1116. Print Zero Even Odd (Medium)

Date and Time: Feb 19, 2025, 00:15 (EST)

Link: https://leetcode.com/problems/print-zero-even-odd

Question:

You have a function printNumber that can be called with an integer parameter and prints it to the console.

• For example, calling printNumber(7) prints 7 to the console.

You are given an instance of the class ZeroEvenOdd that has three functions: zero, even, and odd. The same instance of ZeroEvenOdd will be passed to three different threads:

• Thread A: calls zero() that should only output 0's.
• Thread B: calls even() that should only output even numbers.
• Thread C: calls odd() that should only output odd numbers.

Modify the given class to output the series "010203040506..." where the length of the series must be 2n.

Implement the ZeroEvenOdd class:

• ZeroEvenOdd(int n): Initializes the object with the number n that represents the numbers that should be printed.
• void zero(printNumber): Calls printNumber to output one zero.
• void even(printNumber): Calls printNumber to output one even number.
• void odd(printNumber): Calls printNumber to output one odd number.

Example 1:

Input: n = 2
Output: "0102"

Explanation: There are three threads being fired asynchronously. One of them calls zero(), the other calls even(), and the last one calls odd().
"0102" is the correct output.

Example 2:

Input: n = 5
Output: "0102030405"

Constraints:

• 1 <= n <= 1000

Walk-through:

1. Define three semophores for zero(), even(), odd(). We initialize the semophore of zero() with priority 1 (sem_init(&sem_zero, 0, 1);), so we can always run sem_zero with higher priority.

2. We start at i = 1, and each time it only increments by 1 in zero(). We identify if we should call odd() next or even() next by i, if i is odd, we unlock sem_odd to execute odd(), otherwise, we unlock sem_even for even().

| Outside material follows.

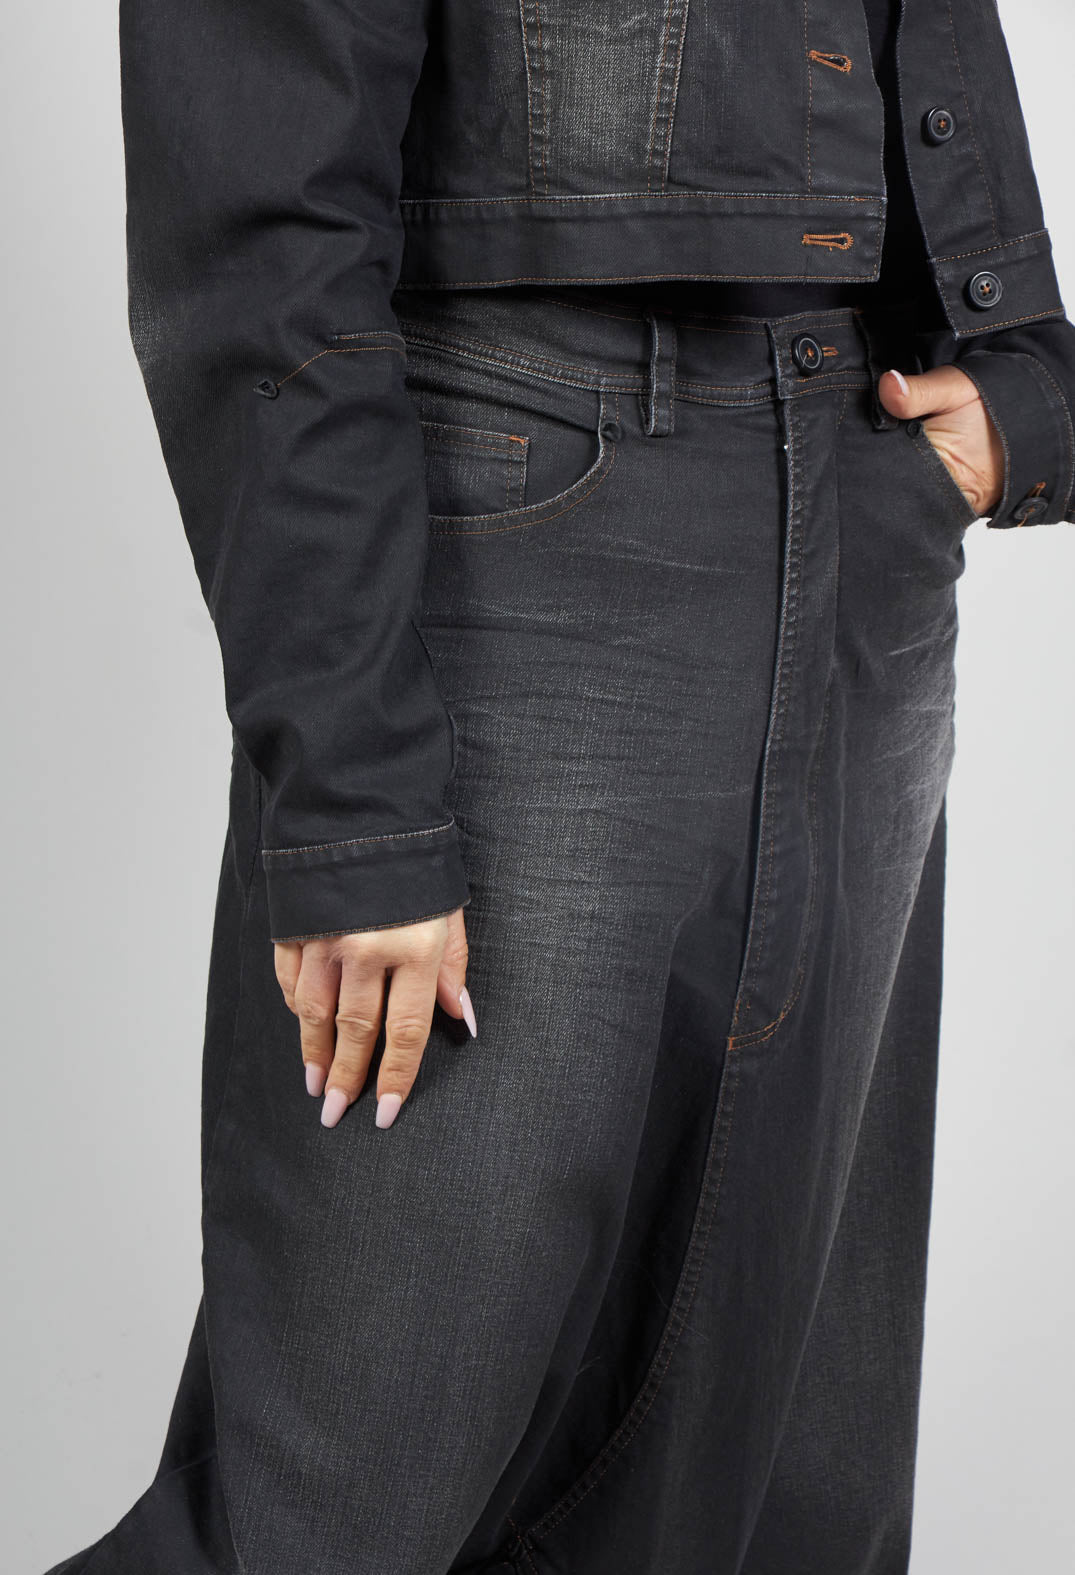 Drop Crotch Trousers in Black Jeans

3. odd() starts with i = 1, self-increment by 2 each time. So we can always printNumber() the odd number. After we print, we unlock sem_zero again to back to zero(). Same logic applies to even().

C++:

class ZeroEvenOdd {

private:
    int n;
    sem_t sem_zero;
    sem_t sem_even;
    sem_t sem_odd;

public:
    ZeroEvenOdd(int n) {
        this->n = n;
        sem_init(&sem_zero, 0, 1);   // Give priority to semophore_zero to start first
        sem_init(&sem_even, 0, 0);
        sem_init(&sem_odd, 0, 0);
    }

    // printNumber(x) outputs "x", where x is an integer.
    void zero(function<void(int)> printNumber) {
        for (int i = 1; i < n+1; i++) {
            // Wait to be unlocked
            sem_wait(&sem_zero);
            printNumber(0);
            // Identify to unlock odd or even base on i
            if (i % 2 == 1) {
                sem_post(&sem_odd);
            } else {
                sem_post(&sem_even);
            }
        }
    }

    void even(function<void(int)> printNumber) {
        for (int i = 2; i < n+1; i+=2) {
            sem_wait(&sem_even);    // Wait to be unlocked
            printNumber(i);
            sem_post(&sem_zero);    // Get back to zero()
        }
    }

    void odd(function<void(int)> printNumber) {
        for (int i = 1; i < n+1; i+=2) {
            sem_wait(&sem_odd);
            printNumber(i);
            sem_post(&sem_zero);
        }
    }
};